On the way back to my hotel I stopped in at a pharmacy and -- again with my best pouty face -- told the lady behind the counter about having a cold, to which she replied: "I'm sorry... Welcome to Poland!" I had no hope of figuring out what was what on the shelf, so asked if she could recommend something. Seconds later she had a package of Sudafed in her hand which I said that would do nicely and paid my tab. As I was leaving she called after me and said, "I hope you feel better soon!" How nice is that?
When I got back to my room, two ladies were in the process of making it up. When they saw my "bags o' fluids" and took a look at me, they immediately got the picture. They proceeded to inspect what I bought, give their approval, check my forehead for fever, turn up the radiator, get an extra blanket for my bed and generally make a fuss. One of them went on at length -- in Polish -- with what must have been her version of cold therapy instructions, playing charades that were pretty obviously along the lines of "Drink all of this, sleep all day, stay warm, etc." At one point I swear she said the word "hospital" and I assured her that was unnecessary. They really went out of their way for me and couldn't have been more attentive.
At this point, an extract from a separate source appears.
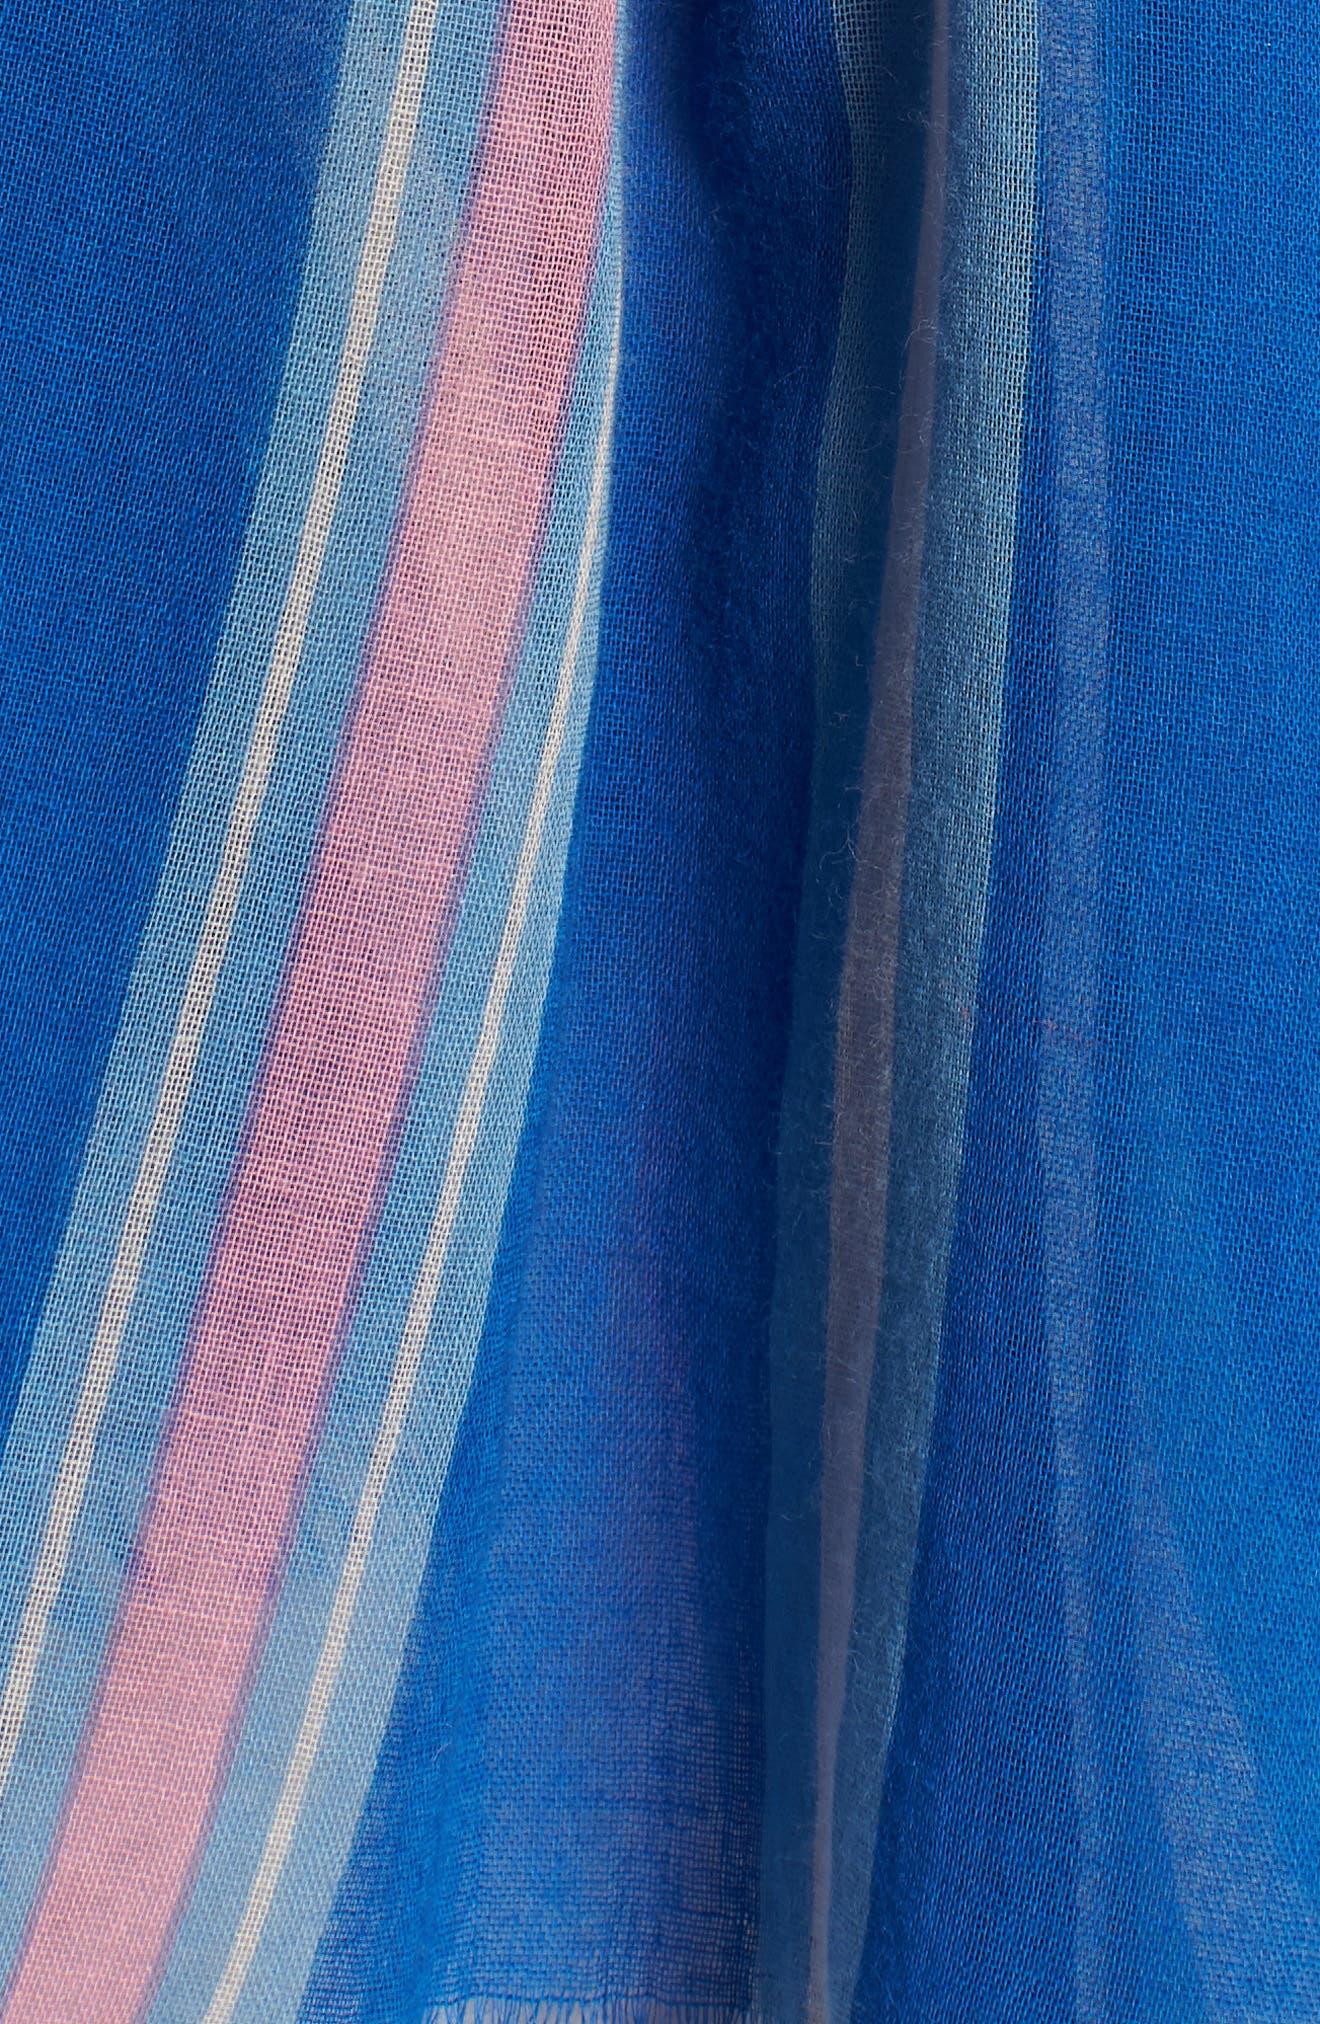 Stripe Sarong,                             Alternate thumbnail 5, color,                             900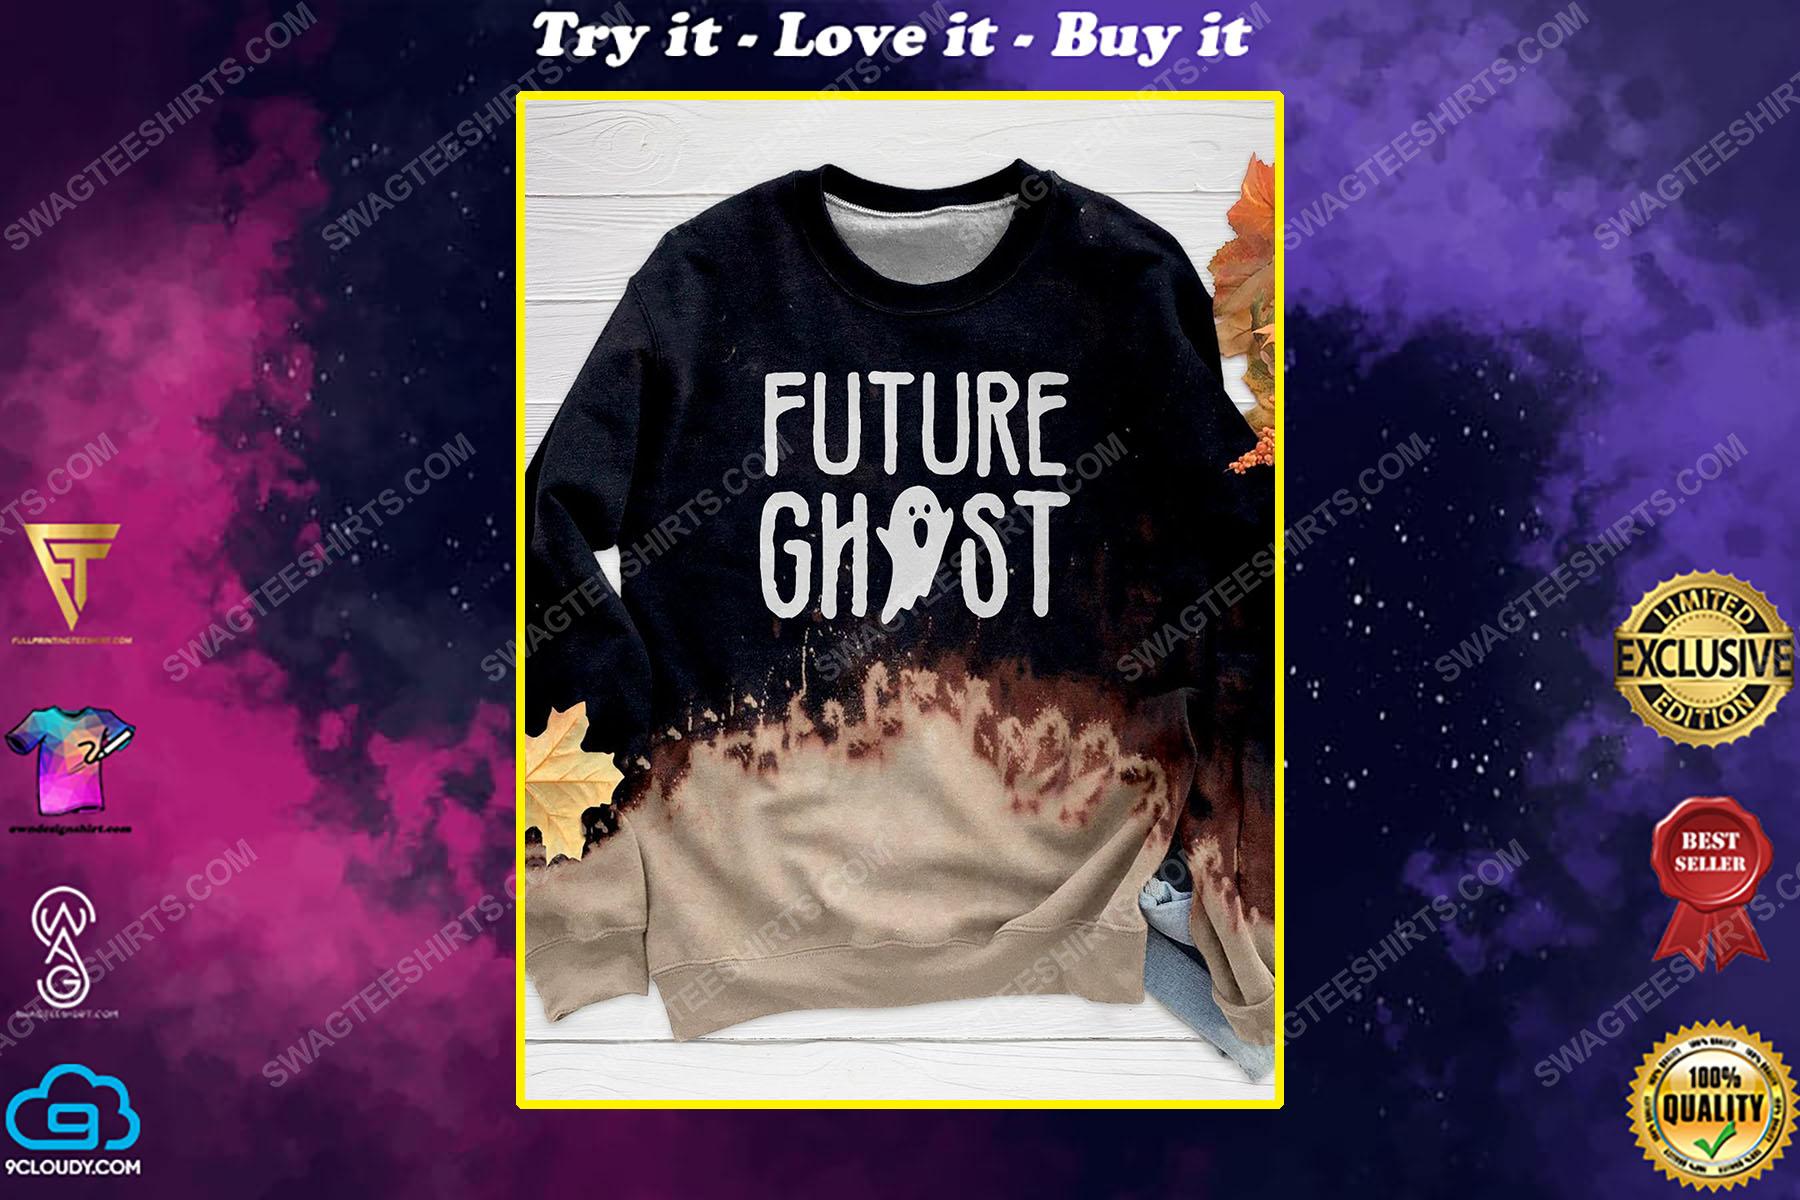 Halloween night and furture ghost full print shirt

Finally, because I had scheduled with Elke and Gustavo -- my friends from the "Gdansk Gang" who also happen to be here in Krakow -- to get together for dinner tonight, I called them to say I was sick and ask about rescheduling. Elke, bless her heart, said "I'm so sorry! Of course we can reschedule. If you need anything, anything at all, don't hesitate to call. We're only a twenty minute walk from where you are." Do I need to say more?
So, there you have it, a whole different kind of "universal health care." It seems like there's something different everyday that illustrates the kindness of strangers and the goodwill of all people. Even a "sick day" is full of insights on The Voyage.